*Task requirements:*
Copy nothing but the text: reproduce each line of the listing exactly and leave the pictures out.

*Raw data:*
- Opening Delimiter -
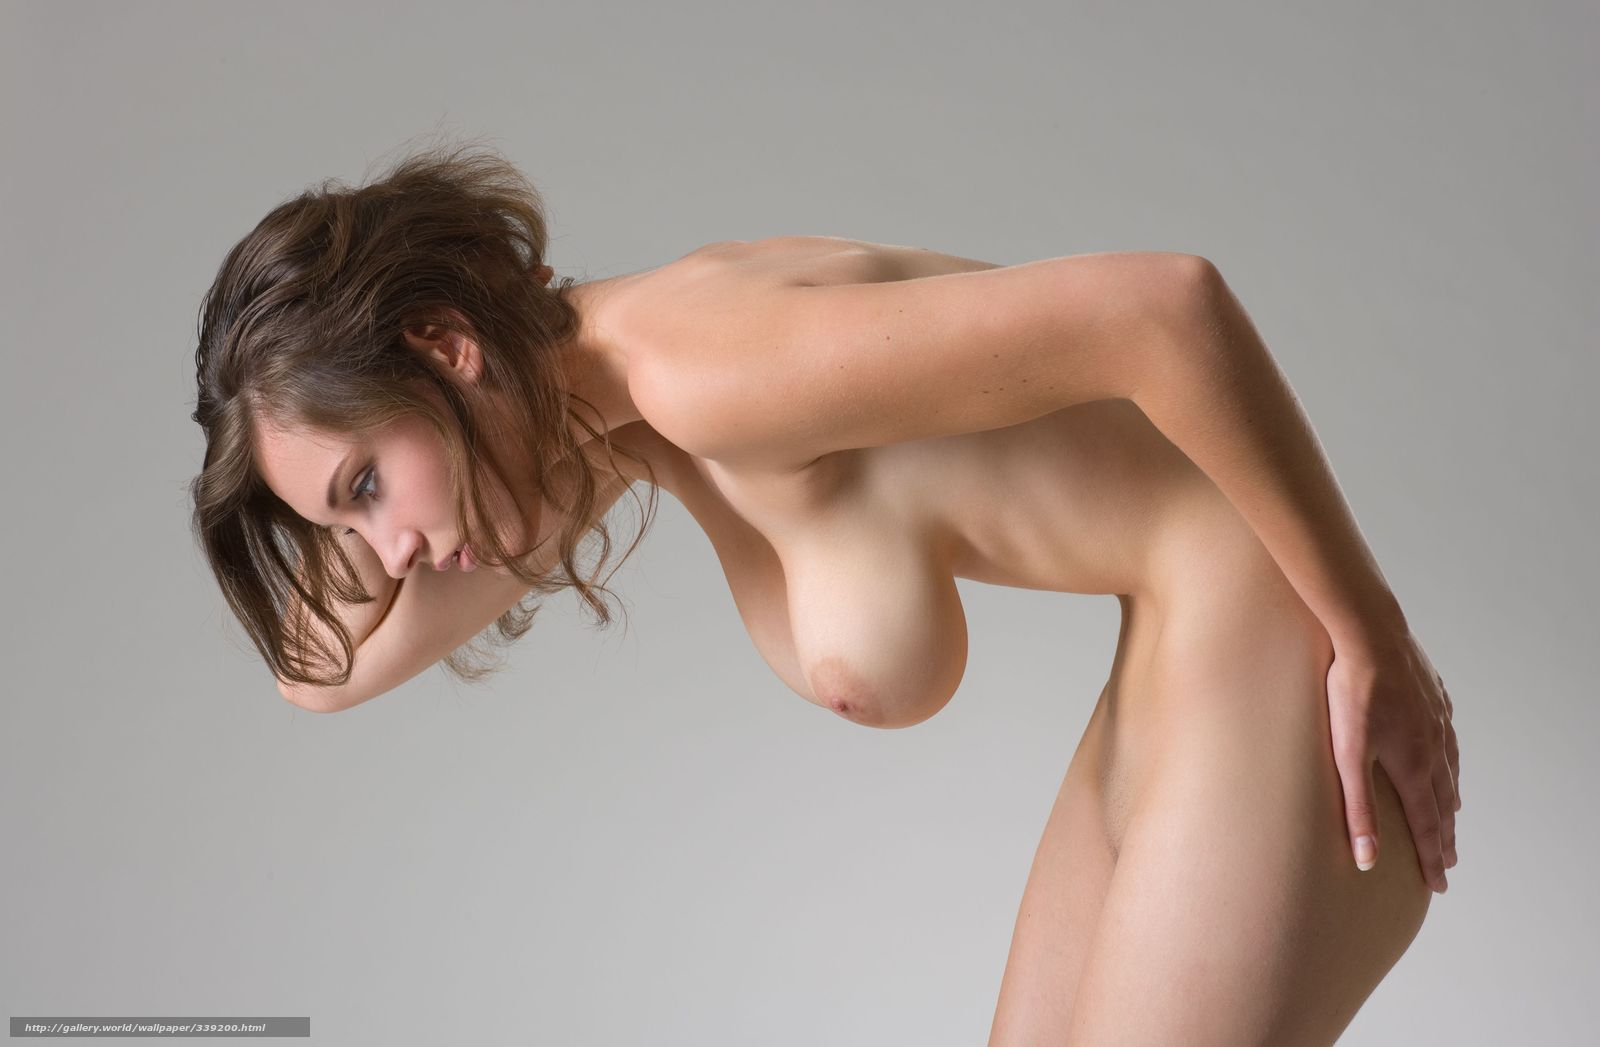 Смотреть онлайн новинки порно русской мам с обвишеми сиськами 2 фотография
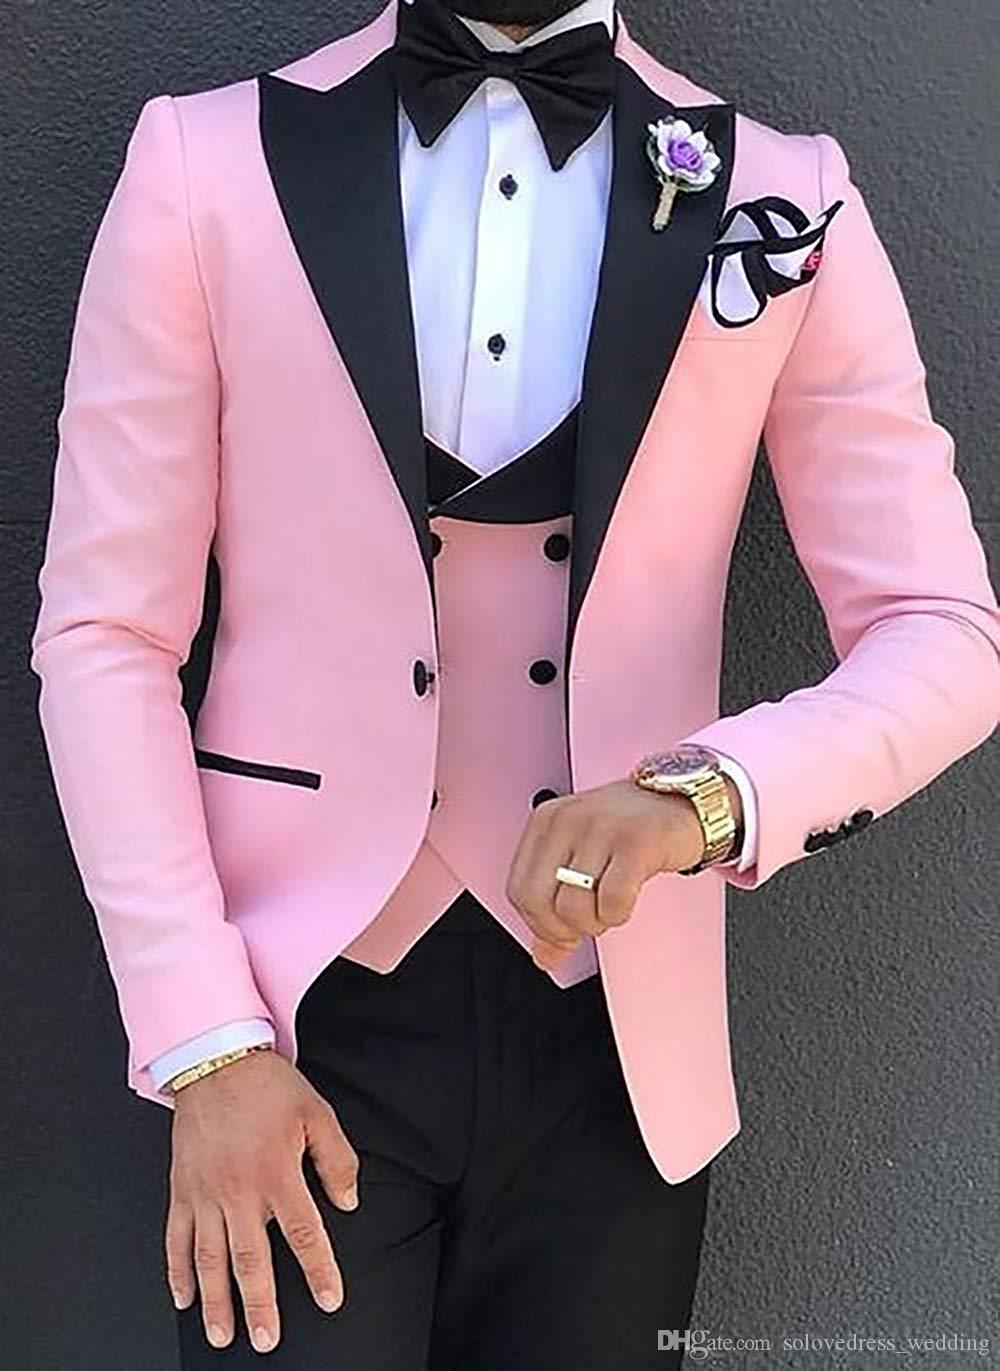 Rosa Hochzeits-Männer Anzug Slim Fit Kerb Lape Blazer formale Abschlussball-Anzug mit schwarzen Hosen 3 Stück nach Maß Groomsmen Suits (Jacket + Vest + Pants)
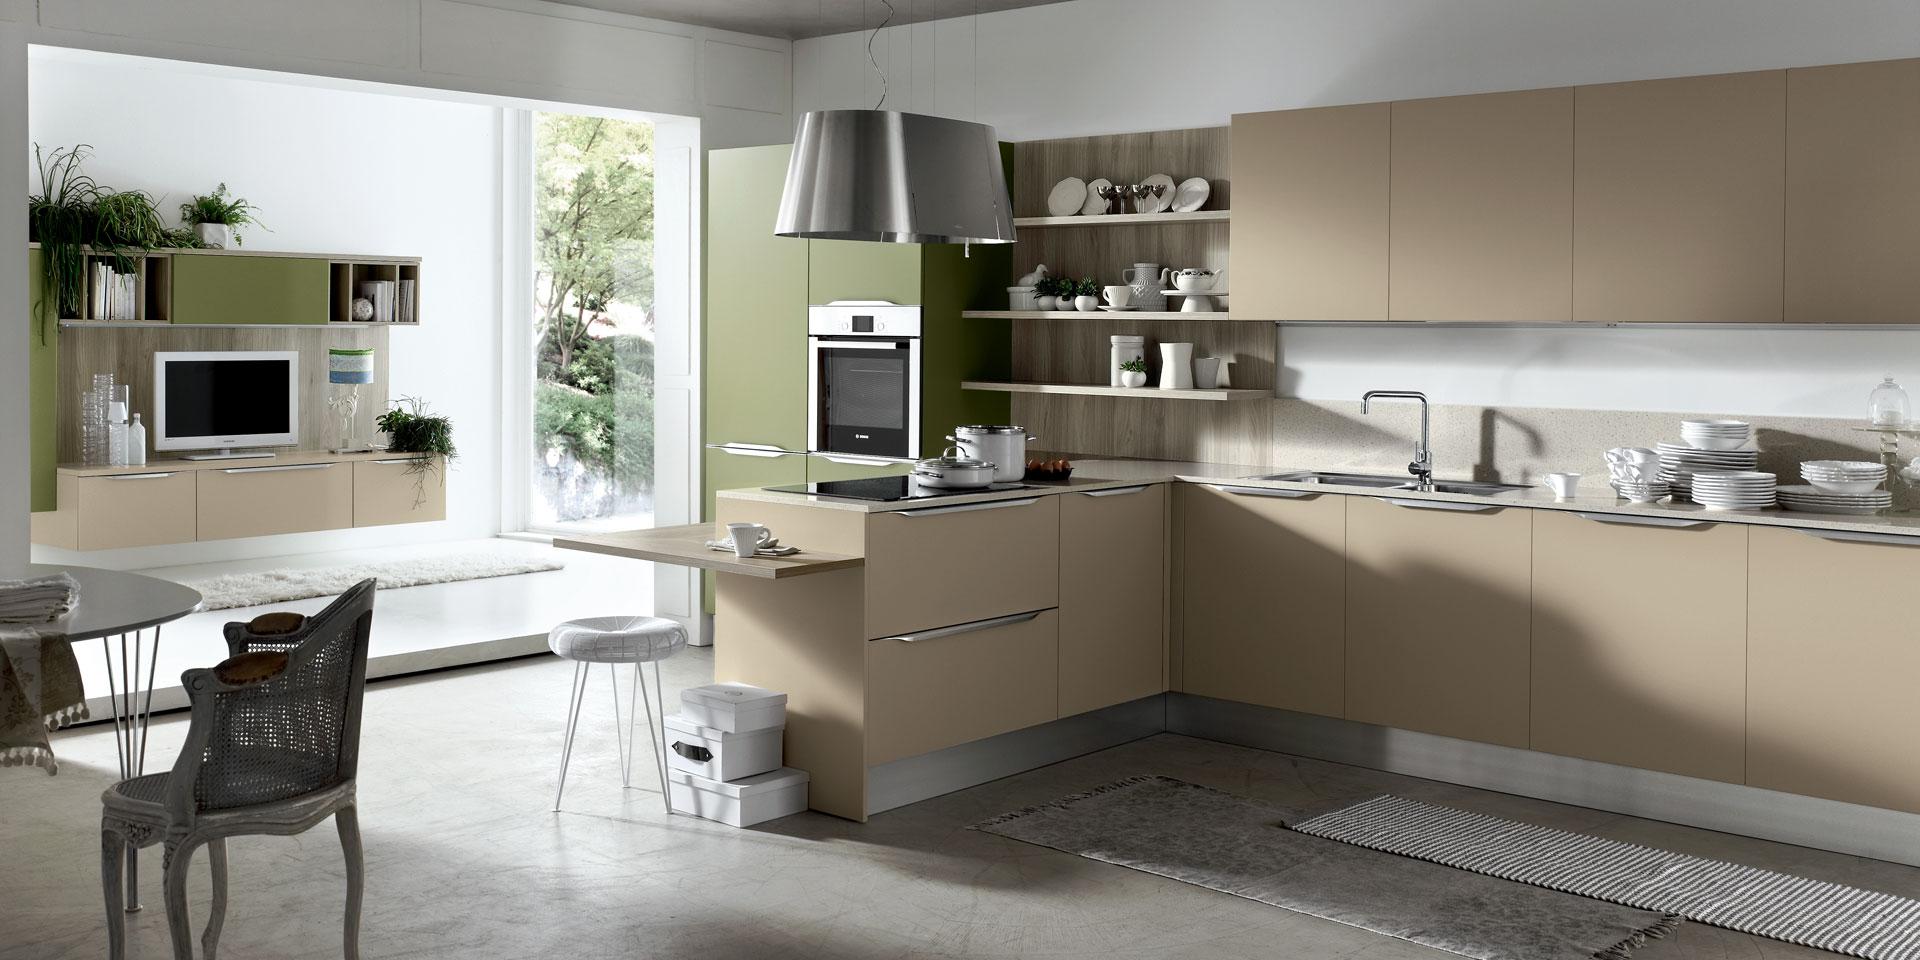 Artenova cucine in legno – cucine in legno arredamento su misura ...
- Closing Delimiter -
*Response box:*
 Смотреть онлайн новинки порно русской мам с обвишеми сиськами 2 фотография
 Rosa Hochzeits-Männer Anzug Slim Fit Kerb Lape Blazer formale Abschlussball-Anzug mit schwarzen Hosen 3 Stück nach Maß Groomsmen Suits (Jacket + Vest + Pants)
 Artenova cucine in legno – cucine in legno arredamento su misura ...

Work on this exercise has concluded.